In Montreal on Sunday to promote his most recent book, the federal Liberal leader also said the coalition came at a time when the party’s right to govern would have been called into question after one of the worst election results in its history.

The party lost 19 seats and captured just 26 per cent of the vote in last October’s federal election.

“I’m in politics to unify people, not to divide them,” Ignatieff said.

“There was also a question concerning the legitimacy of the coalition that troubled me.”

The power sharing deal between the Liberals and New Democrats, with support from the Bloc Quebecois, was not undemocratic, Ignatieff told the crowd of some 150 Montrealers gathered in a downtown theatre, but it would nonetheless have given Canadians the feeling that the parties had “in some sense or another stolen power.”

Last November, the opposition parties were prepared to topple the minority government over a Tory fiscal update that failed to include any significant economic stimulus measures, and proposed a governing coalition instead.

But Ignatieff felt that Canada, entering into a severe economic recession, needed more certainty than the coalition could provide, comparing the tentative deal to an unstable three-legged stool.

“I felt it was very difficult to guarantee the necessary political stability during a time of crisis with three partners in a formal coalition,” he said.

“That was my first doubt. I couldn’t guarantee the long-term stability of the coalition under the circumstances.”

Ignatieff – at the time a candidate for the party’s leadership – was publicly ambivalent about the power sharing deal, saying in December he would only support the coalition if necessary.

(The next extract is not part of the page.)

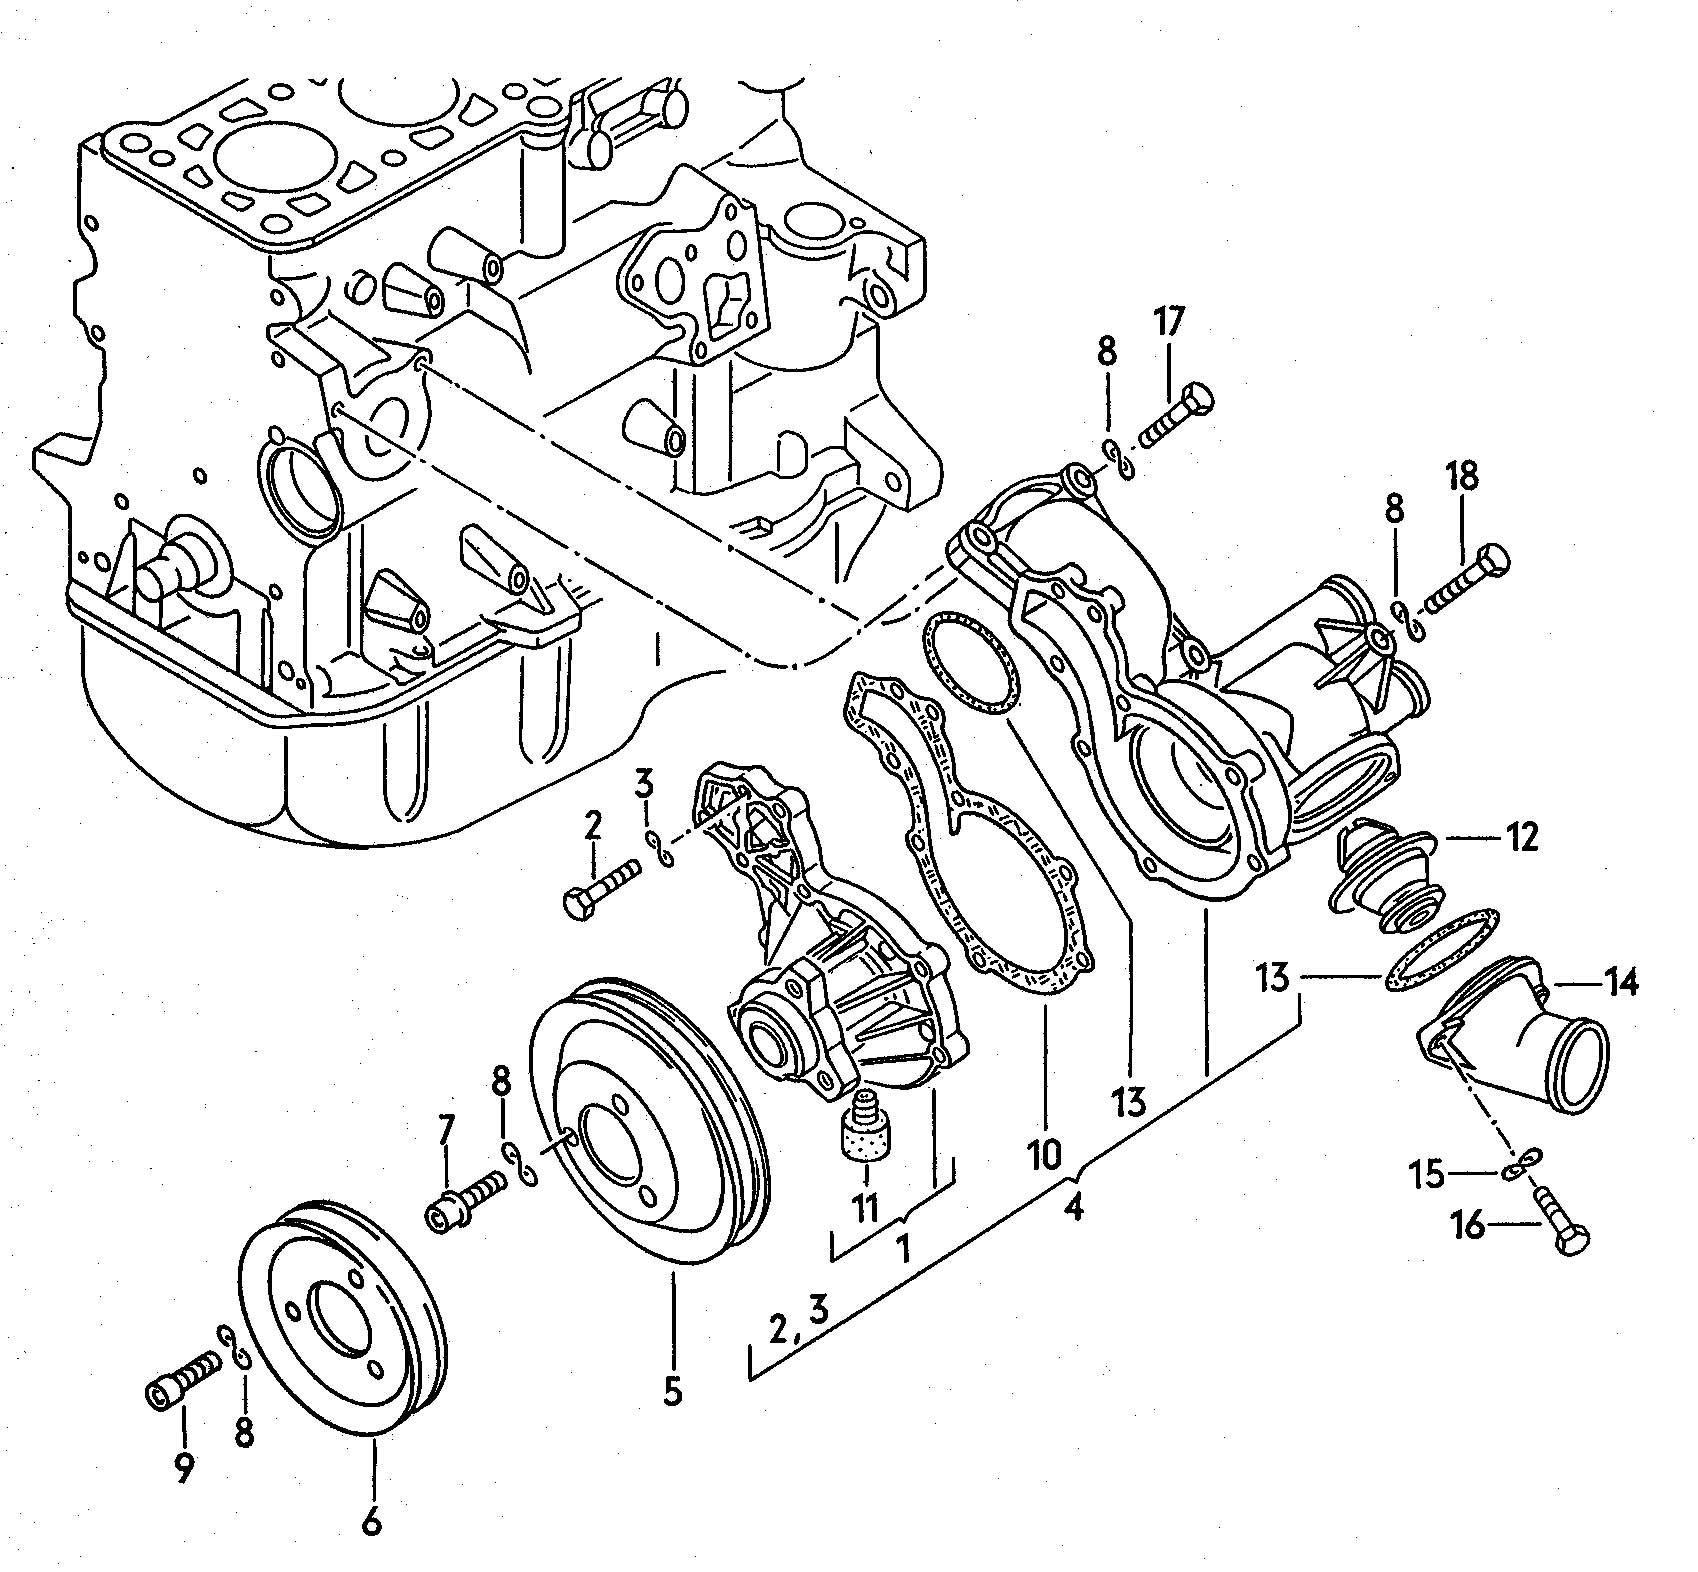 Yamaha Jg5 Golf Cart Manual G19 Wiring Diagram Ezgo Club Car Solenoids
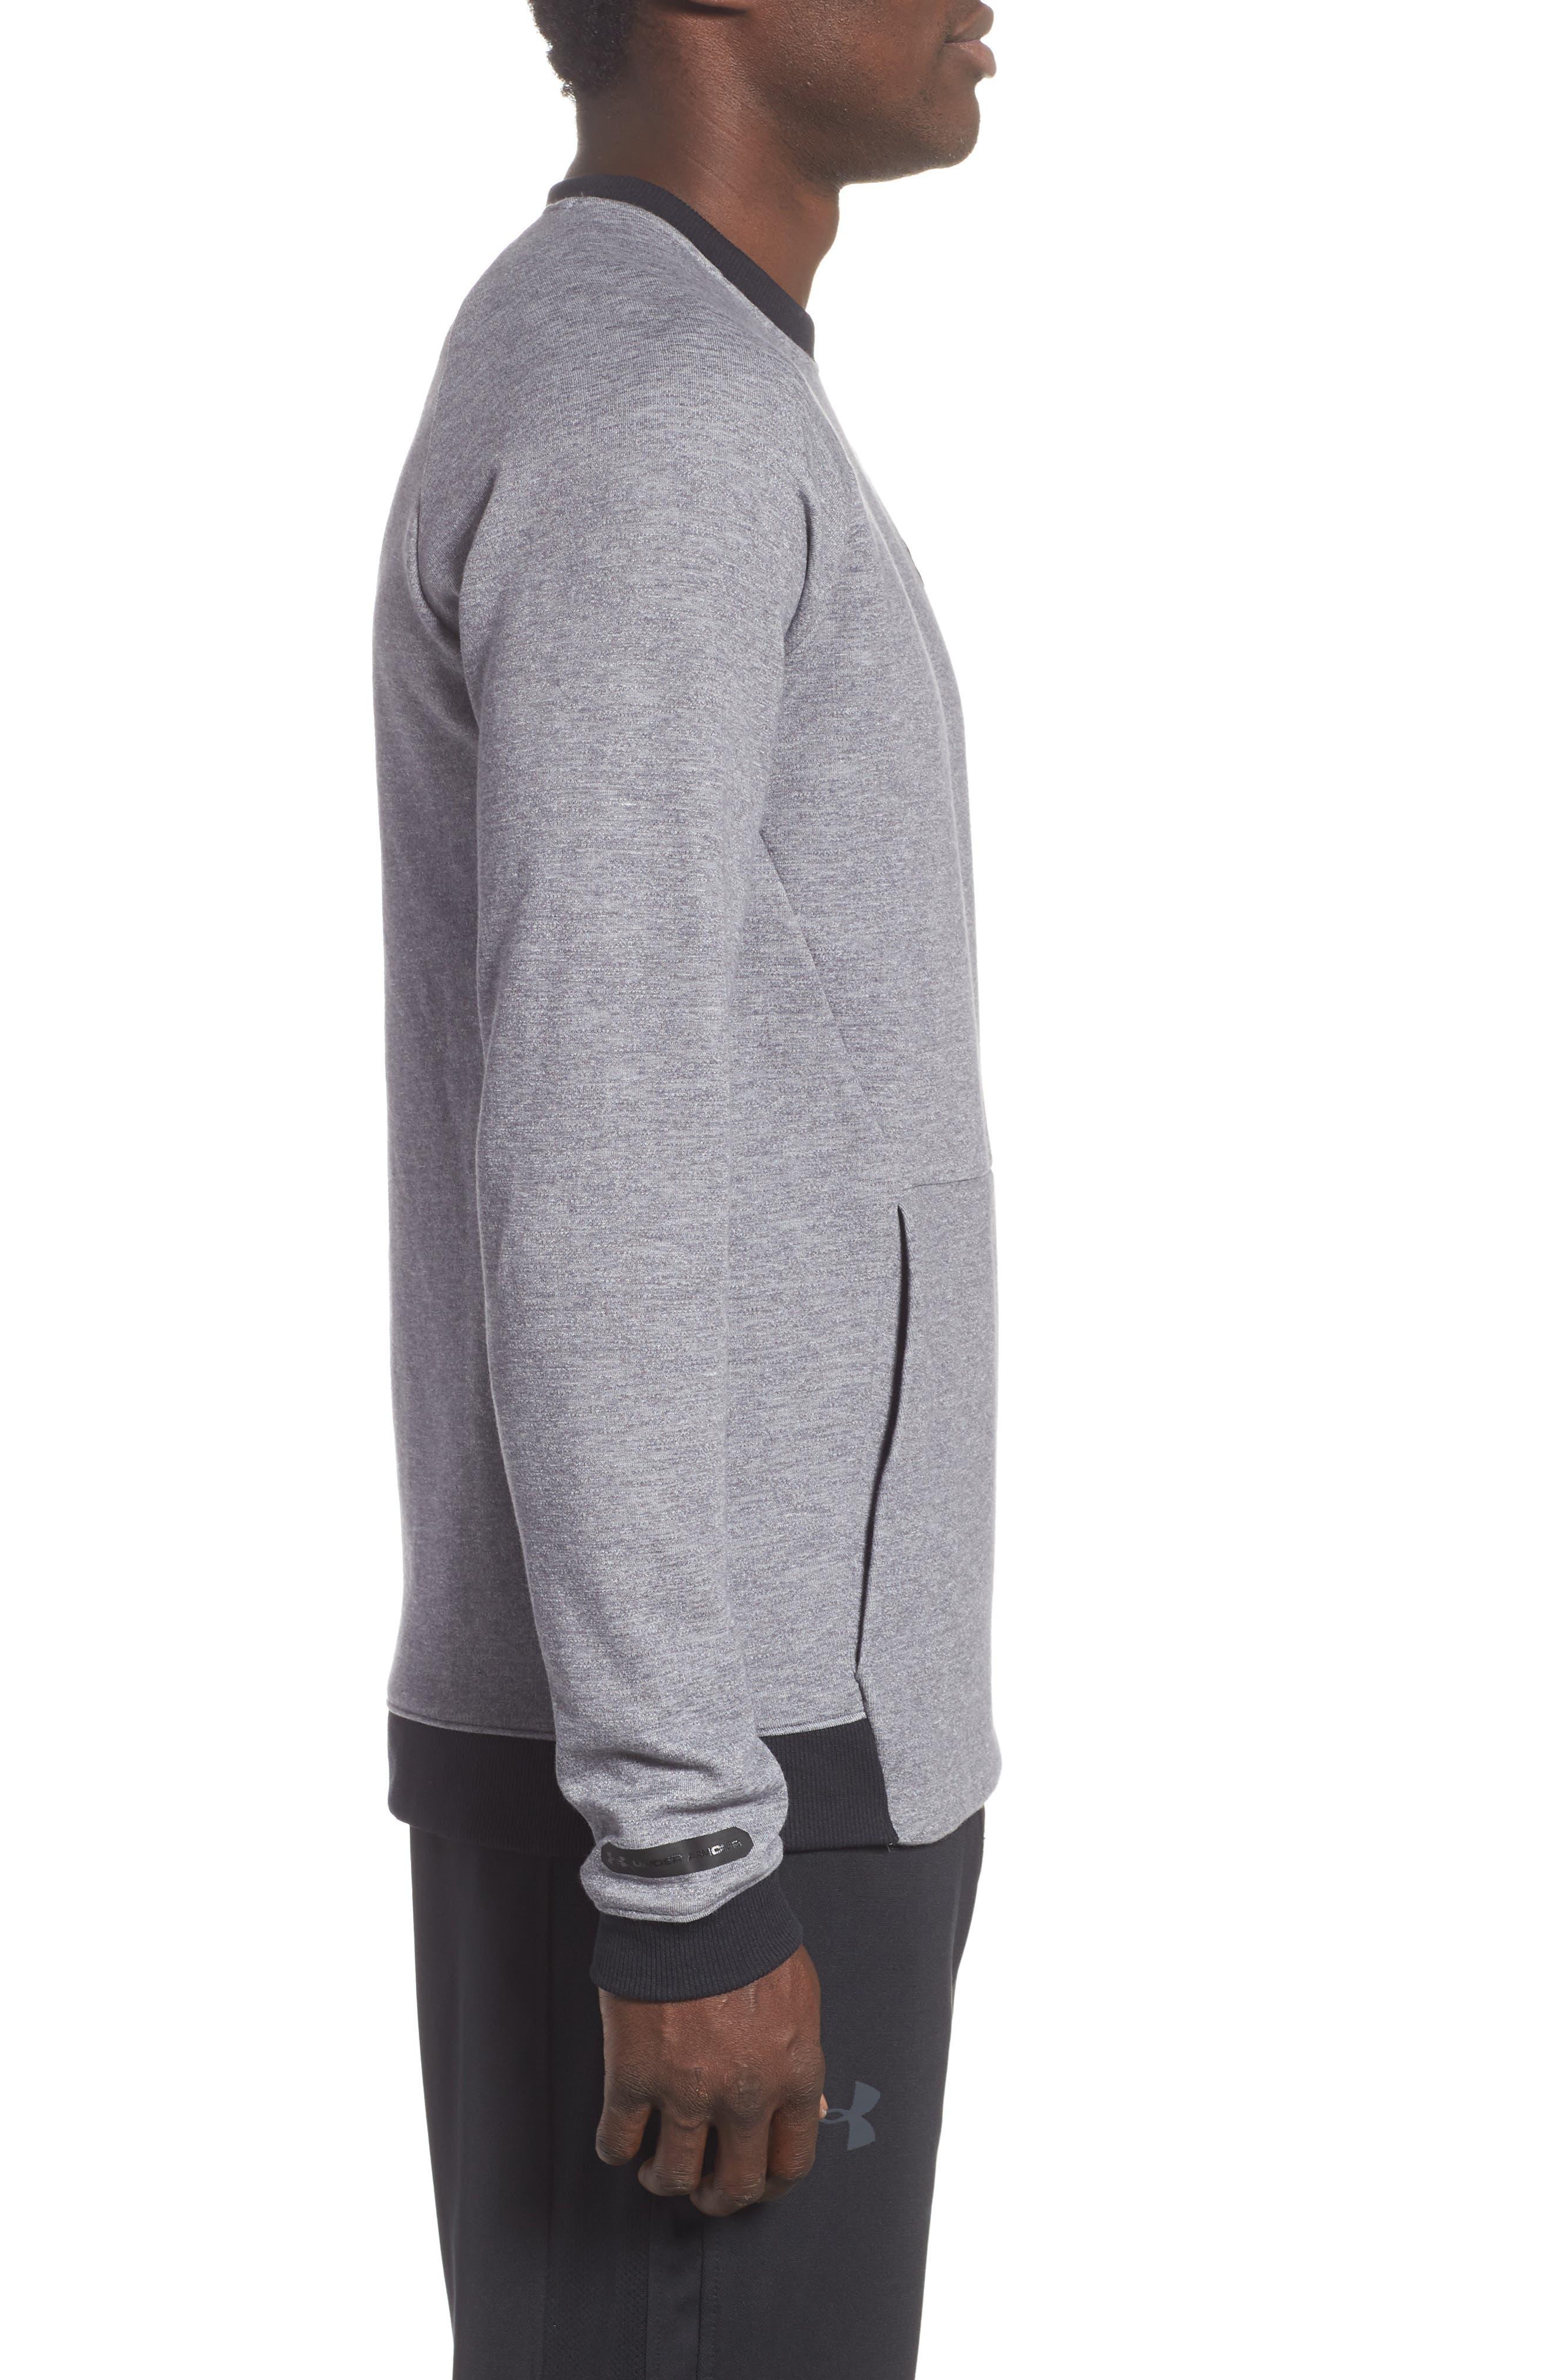 UNDER ARMOUR,                             Sportstyle 2x Crew Sweatshirt,                             Alternate thumbnail 3, color,                             STEEL

As for the boost in popularity for federal Liberal party in Quebec, Ignatieff says the province seems to have turned the page on the sponsorship scandal that has dogged the party in recent years.

“I almost never hear the words sponsorship scandal when I’m in Quebec,” he said.

“I don’t wish to sweep anything under the rug. I’m just saying, in terms of what I encounter when I meet Quebecers is that it’s not at the centre of their preoccupations. It was important in recent years, but since I’ve toured the regions, when I’m in Montreal, in Quebec City, no one asks about that matter.”

On May 5, a Canadian Press-Harris-Decima survey gave the Liberals under Ignatieff a five-point lead on the slumping Conservatives.

In Quebec, the Bloc at 38 per cent held only a three-point lead on the Liberals, while the Conservatives were in the single digits.